(CNN) - People are still digging out after a powerful winter storm that dropped a thick blanket of snow from Colorado to the Mid-Atlantic, killing seven people in Missouri and Kansas and bringing almost a foot of snow to Washington.
All District of Columbia Public Schools closed for the day Monday, along with the US Office of Personnel Management.
The capital's Metrobus system began operations 5 a.m. after service was suspended Sunday night, and is operating on a "Severe Snow Plan," of limited service. Buses will operate only on major roads and the Metrobus said passengers should expect delays and increased wait times.
Washington's Dulles International Airport has lifted a ground stop implemented late Sunday due tSnow fell from Colorado to the mid-Atlantic
In Missouri, the state's highway patrol said on Twitter that it responded to nearly 4,000 calls for service and more than 1,700 stranded motorists, during the snowfall that settled at more than 20 inches.
Other areas of Illinois, Iowa, Kansas, Nebraska and Colorado saw more than a foot of snow during the weekend.
Kentucky weather officials are warning of possible black ice on roads Monday morning. A Delta plane landing at Cincinnati/Northern Kentucky International Airport in Kentucky Sunday slid off the runway as it was taxiing toward a terminal, and photos of the scene showed the runway covered in several inches of wet snow.
In North Carolina, Governor Roy Cooper declared a state of emergency in all of the state's 100 counties, after snow and ice left nearly 100,000 without power Sunday night.
"Though the worst of the storm is over, conditions are still hazardous in areas that saw snow and ice," Cooper said. "If you are without power, please be careful if you are using alternative heat sources."
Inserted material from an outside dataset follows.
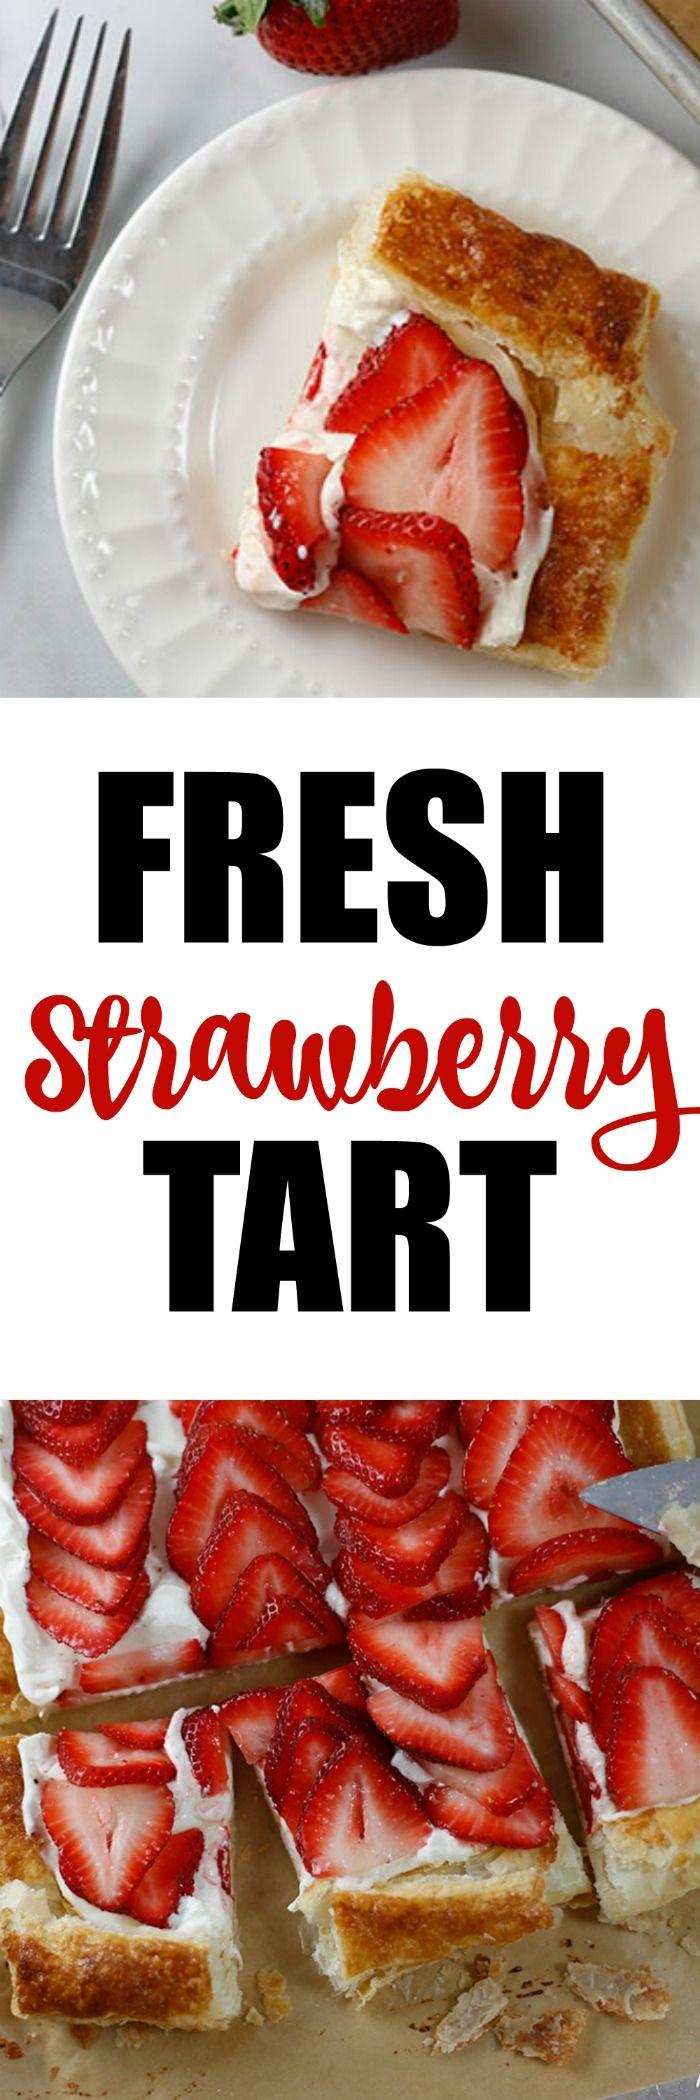 Fresh Strawberry Tart by RoseBakes.com with @Splenda #SplendaSweeties #SweetSwaps #strawberry #tart #dessert #recipe
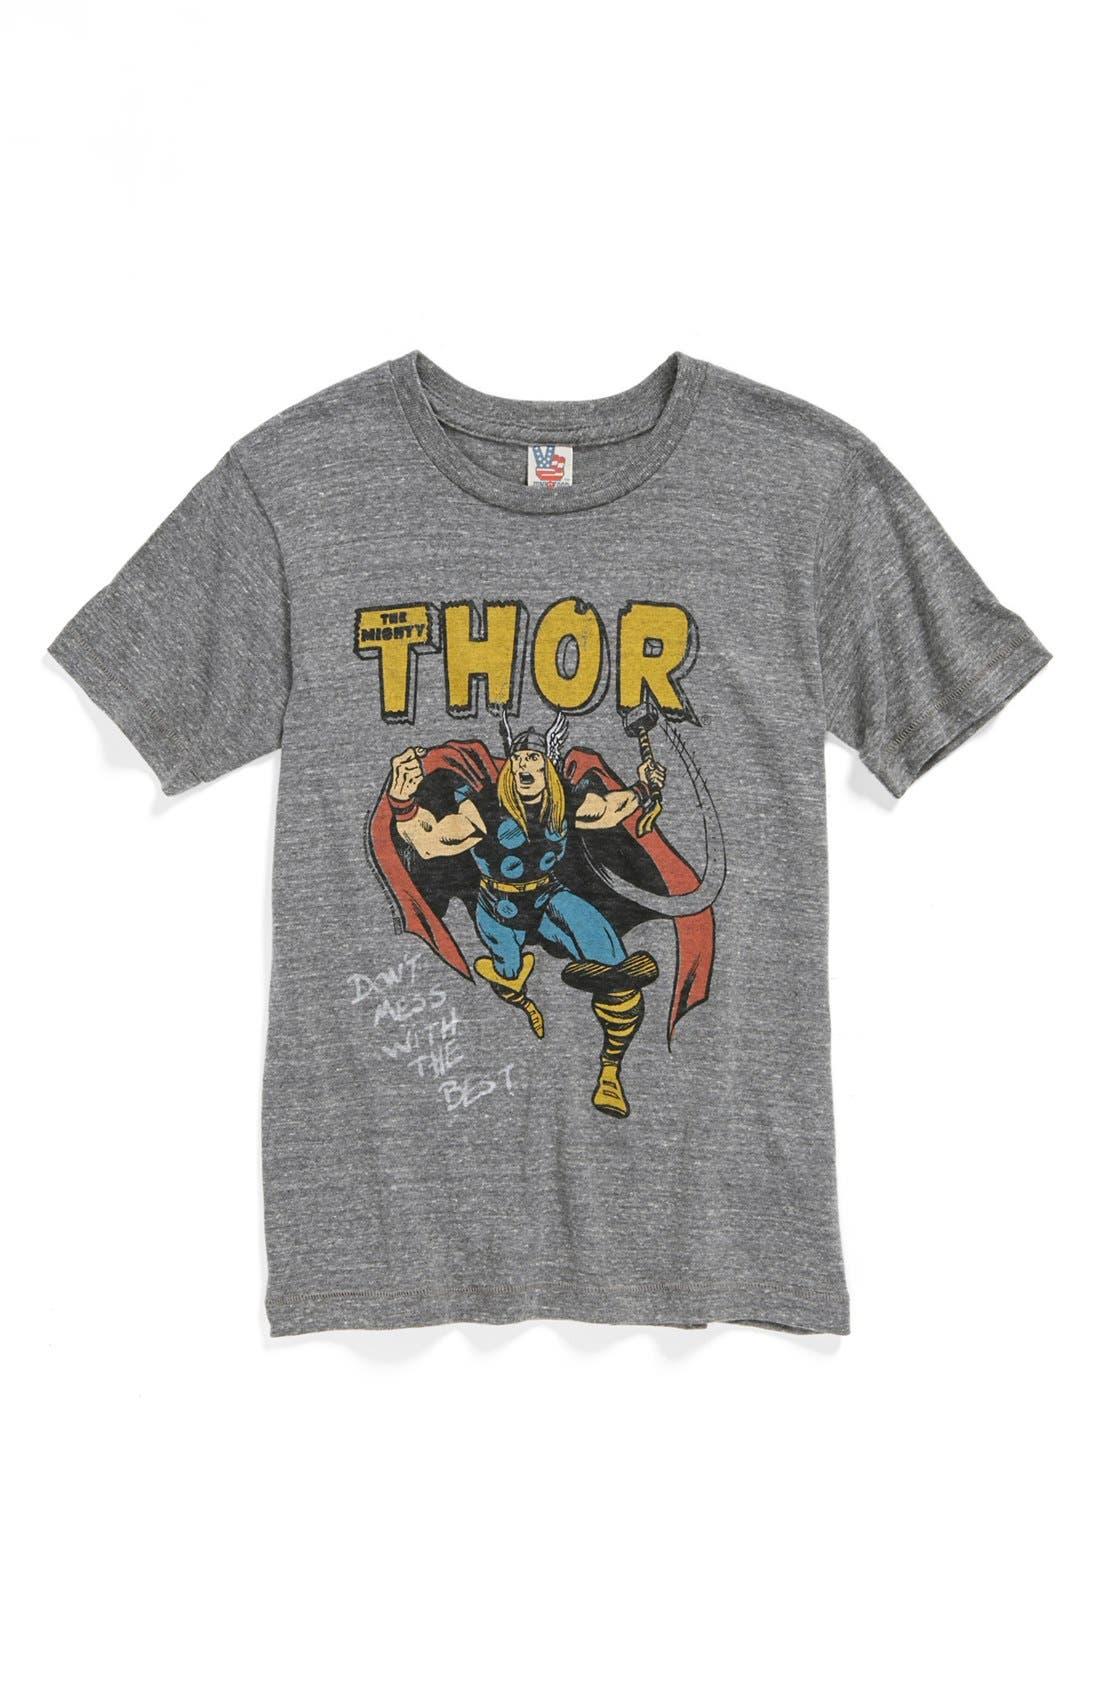 Alternate Image 1 Selected - Junk Food 'Thor' T-Shirt (Toddler Boys, Little Boys & Big Boys)

Nearly 1,000 emergency management officials in the state are clearing ice off the roads and have laid more than 4,600 tons of salt and sand mix and 188,000 gallons of salt brine.
Heavy storms on the West coast
Mountainous areas in California also saw up to 12 inches of snow, and officials reported sleet at elevations higher than 5,000 feet, warning of dangerous driving conditions.
Rain and snow will continue through Tuesday in parts of the state and snow will start to develop over the Southern Sierras late Monday.
Sacramento will face the brunt of the storm Wednesday with up to 2 feet of snow in elevations above 5,000 feet. Showers will continue through Friday.